I am a Ph.D. student in Computer Science at Johns Hopkins University, advised by Professor Murat Kocaoglu. I transferred from Purdue ECE with my advisor in 2025. My research centers on causal inference and causal discovery.
Find me:
Characterization and Learning of Causal Graphs from Hard Interventions (NeurIPS 2025)
A fundamental challenge in the empirical sciences involves uncovering causal structure through observation and experimentation. Causal discovery entails linking the conditional independence (CI) invariances in observational data to their corresponding graphical constraints via d-separation. In this paper, we consider a general setting where we have access to data from multiple experimental distributions resulting from hard interventions, as well as potentially from an observational distribution. By comparing different interventional distributions, we propose a set of graphical constraints that are fundamentally linked to Pearl's do-calculus within the framework of hard interventions. These graphical constraints associate each graphical structure with a set of interventional distributions that are consistent with the rules of do-calculus. We characterize the interventional equivalence class of causal graphs with latent variables and introduce a graphical representation that can be used to determine whether two causal graphs are interventionally equivalent, i.e., whether they are associated with the same family of hard interventional distributions, where the elements of the family are indistinguishable using the invariances from do-calculus. We also propose a learning algorithm to integrate multiple datasets from hard interventions, introducing new orientation rules. The learning objective is a tuple of augmented graphs which entails a set of causal graphs. We also prove the soundness of the proposed algorithm.
Sample Efficient Bayesian Learning of Causal Graphs from Interventions (NeurIPS 2024)
Causal discovery is a fundamental problem with applications spanning various areas in science and engineering. It is well understood that solely using observational data, one can only orient the causal graph up to its Markov equivalence class, necessitating interventional data to learn the complete causal graph. Most works in the literature design causal discovery policies with perfect interventions, i.e., they have access to infinite interventional samples. This study considers a Bayesian approach for learning causal graphs with limited interventional samples, mirroring real-world scenarios where such samples are usually costly to obtain. By leveraging the recent result on uniform DAG sampling in polynomial time, we can efficiently enumerate all the cut configurations and their corresponding interventional distributions of a target set, and further track their posteriors. Given any number of interventional samples, our proposed algorithm randomly intervenes on a set of target vertices that cut all the edges in the graph and returns a causal graph according to the posterior of each target set. When the number of interventional samples is large enough, we show theoretically that our proposed algorithm will return the true causal graph with high probability. We compare our algorithm against various baseline methods on simulated datasets, demonstrating its superior accuracy measured by the structural Hamming distance between the learned DAG and the ground truth. Additionally, we present a case study showing how this algorithm could be modified to answer more general causal questions without learning the whole graph.

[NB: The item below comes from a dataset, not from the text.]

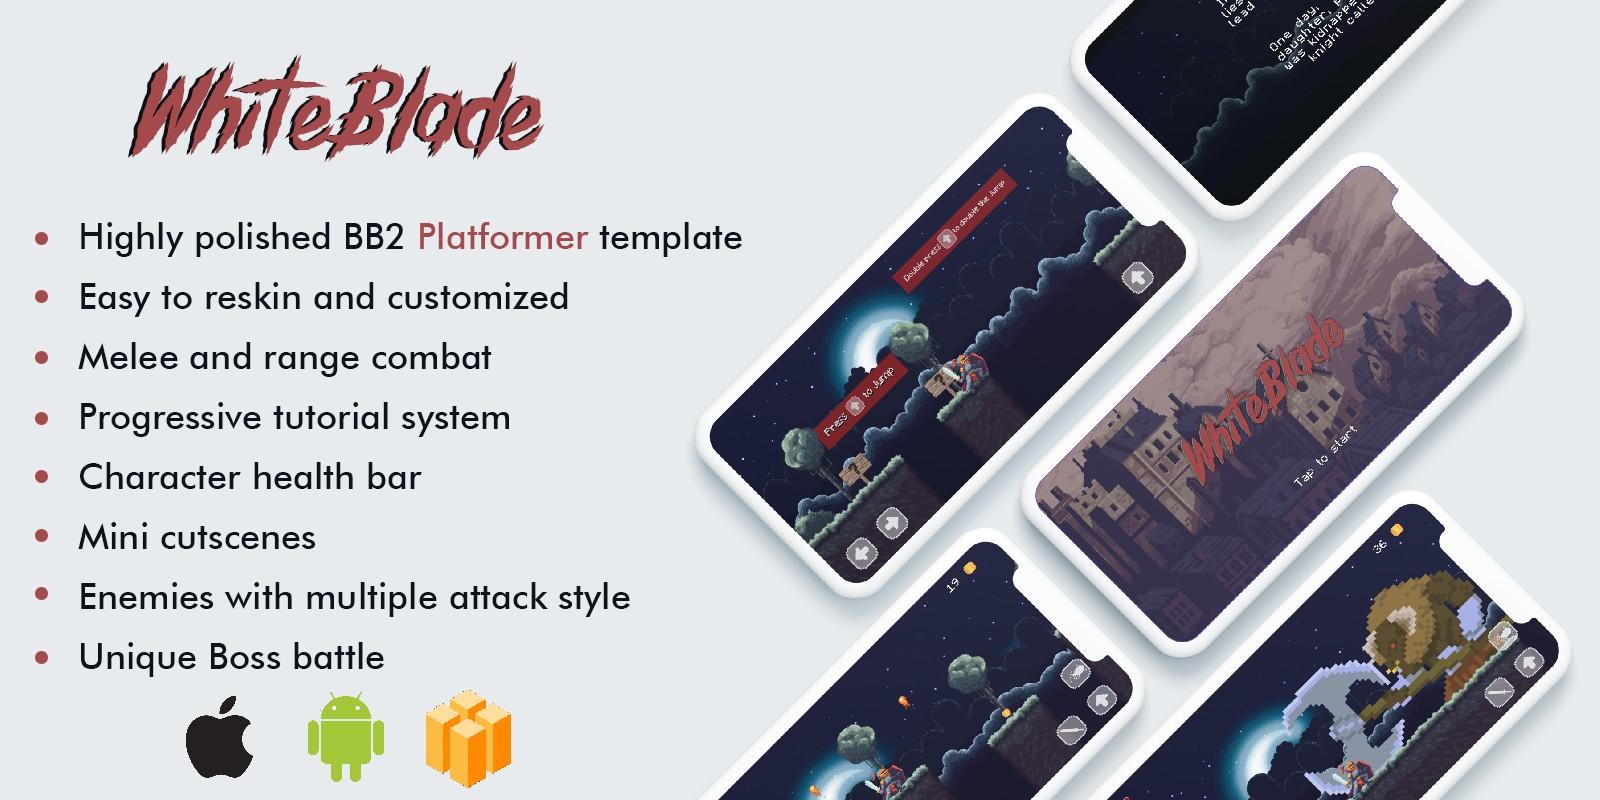 WhiteBlade - Buildbox 2 Platformer Template

A common workflow for single-cell RNA-sequencing (sc-RNA-seq) data analysis is to orchestrate a three-step pipeline. First, conduct a dimension reduction of the input cell profile matrix; second, cluster the cells in the latent space; and third, extract the “gene panels” that distinguish a certain cluster from others. This workflow has the primary drawback that the three steps are performed independently, neglecting the dependencies among the steps and among the marker genes or gene panels. In our system, Kratos, we alter the threestep workflow to a two-step one, where we jointly optimize the first two steps and add the third (interpretability) step to form an integrated sc-RNA-seq analysis pipeline. We show that the more compact workflow of Kratos extracts marker genes that can better discriminate the target cluster, distilling underlying mechanisms guiding cluster membership. In doing so, Kratos is significantly better than the two SOTA baselines we compare against, specifically 5.62% superior to Global Counterfactual Explanation (GCE) [ICML20], and 3.31% better than Adversarial Clustering Explanation (ACE) [ICML-21], measured by the AUROC of a kernel-SVM classifier. We opensource our code and datasets here: https://github.com/icanfor ce/single-cell-genomics-kratos.
Sequencing technologies are prone to errors, making error correction (EC) necessary for downstream applications. EC tools need to be manually configured for optimal performance. We find that the optimal parameters (e.g., k-mer size) are both tool- and dataset-dependent. Moreover, evaluating the performance (i.e., Alignment-rate or Gain) of a given tool usually relies on a reference genome, but quality reference genomes are not always available. We introduce Lerna for the automated configuration of k-mer-based EC tools. Lerna first creates a language model (LM) of the uncorrected genomic reads, and then, based on this LM, calculates a metric called the perplexity metric to evaluate the corrected reads for different parameter choices. Next, it finds the one that produces the highest alignment rate without using a reference genome. The fundamental intuition of our approach is that the perplexity metric is inversely correlated with the quality of the assembly after error correction. Therefore, Lerna leverages the perplexity metric for automated tuning of k-mer sizes without needing a reference genome.